## Data shown
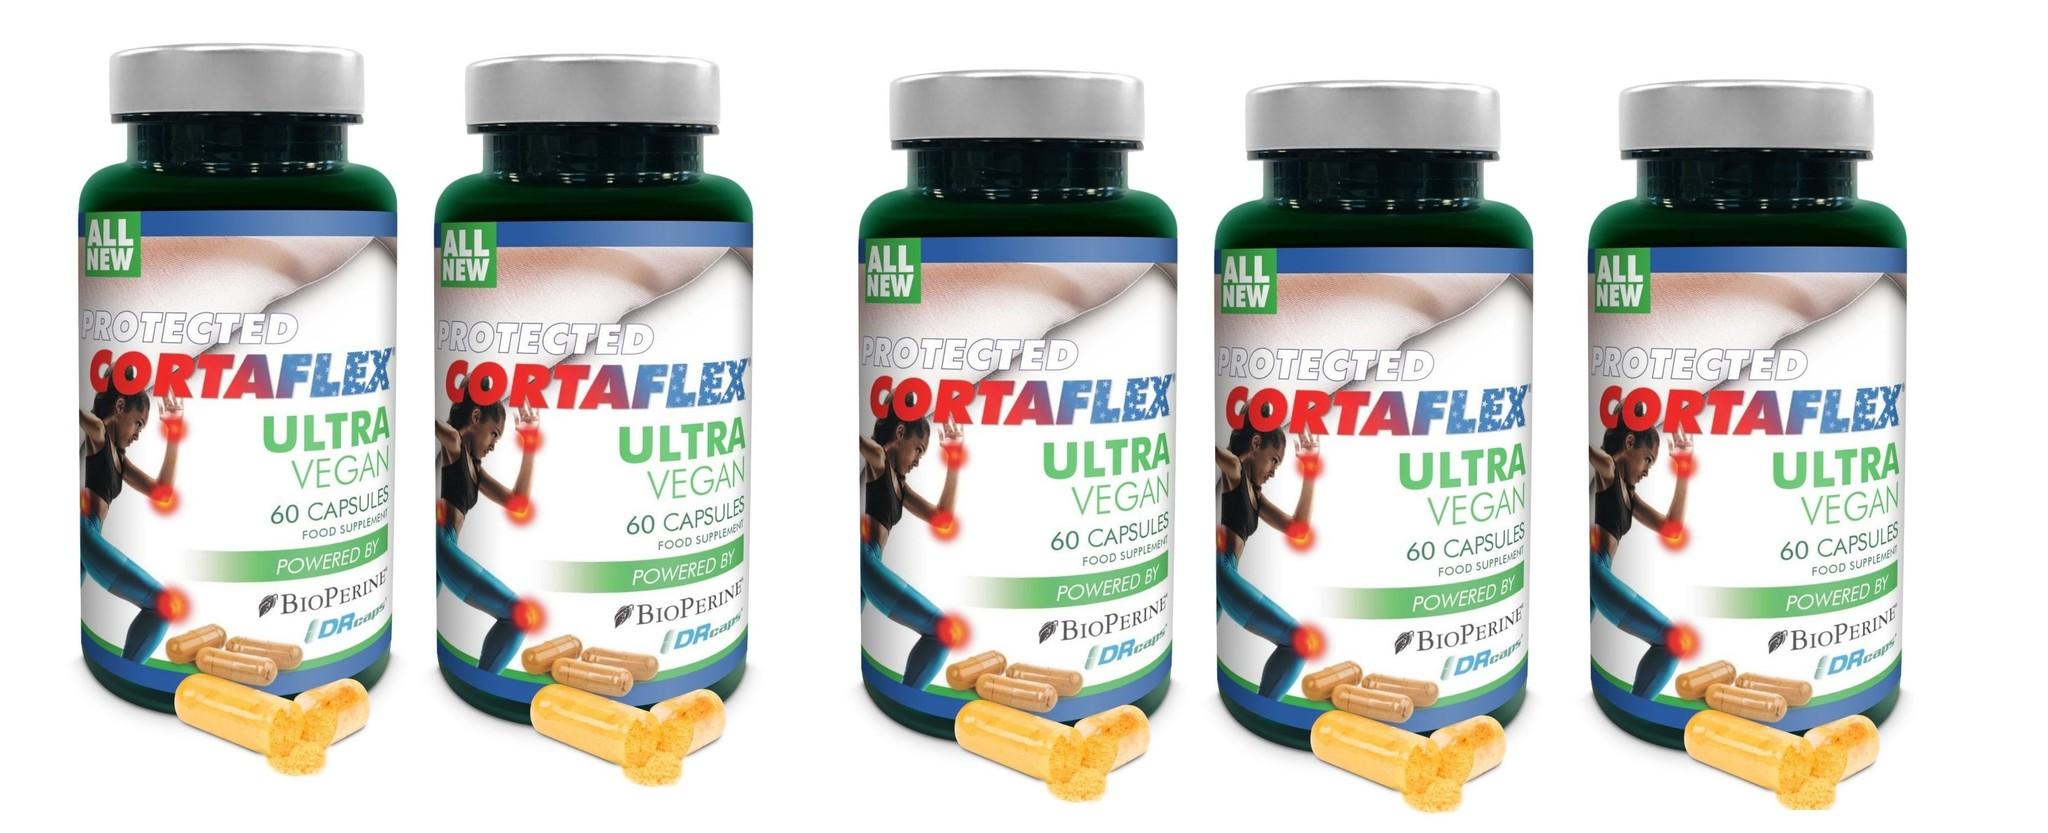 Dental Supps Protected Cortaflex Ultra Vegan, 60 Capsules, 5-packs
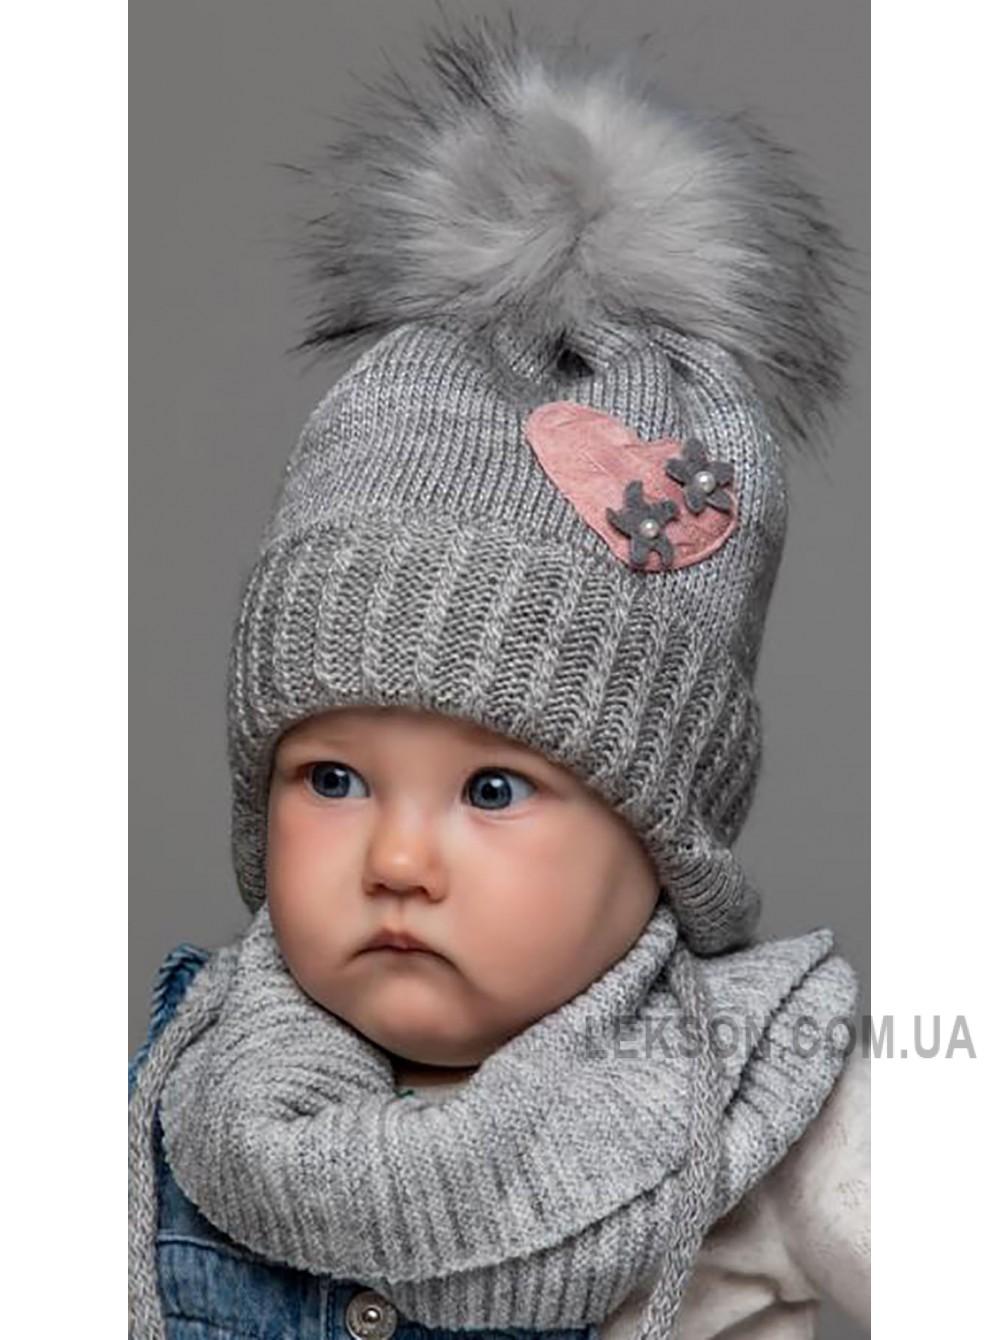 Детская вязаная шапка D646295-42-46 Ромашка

...

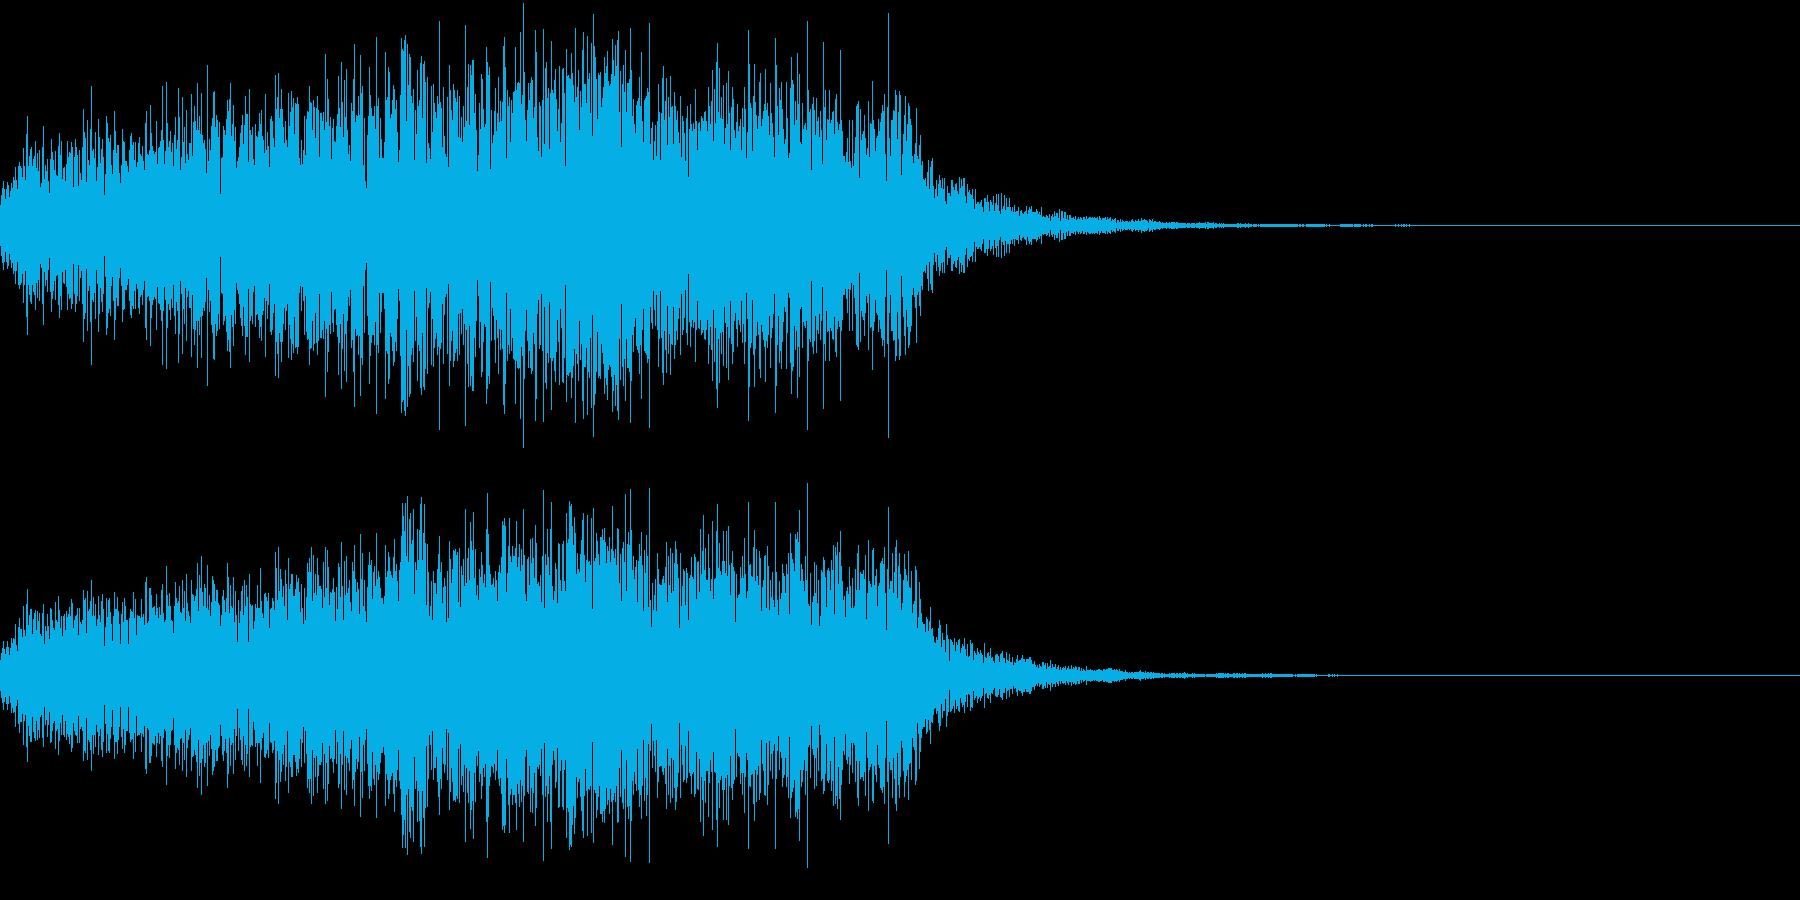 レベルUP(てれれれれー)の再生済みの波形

## Exercise
Working from the entries above, reproduce exactly and only the lines beginning with the line that has "Dental Supps Protected" and ending with the line that has "Детская вязаная шапка D646295-42-46 Ромашка"; omit all pictures.

## Exercise output
 Dental Supps Protected Cortaflex Ultra Vegan, 60 Capsules, 5-packs
 Детская вязаная шапка D646295-42-46 Ромашка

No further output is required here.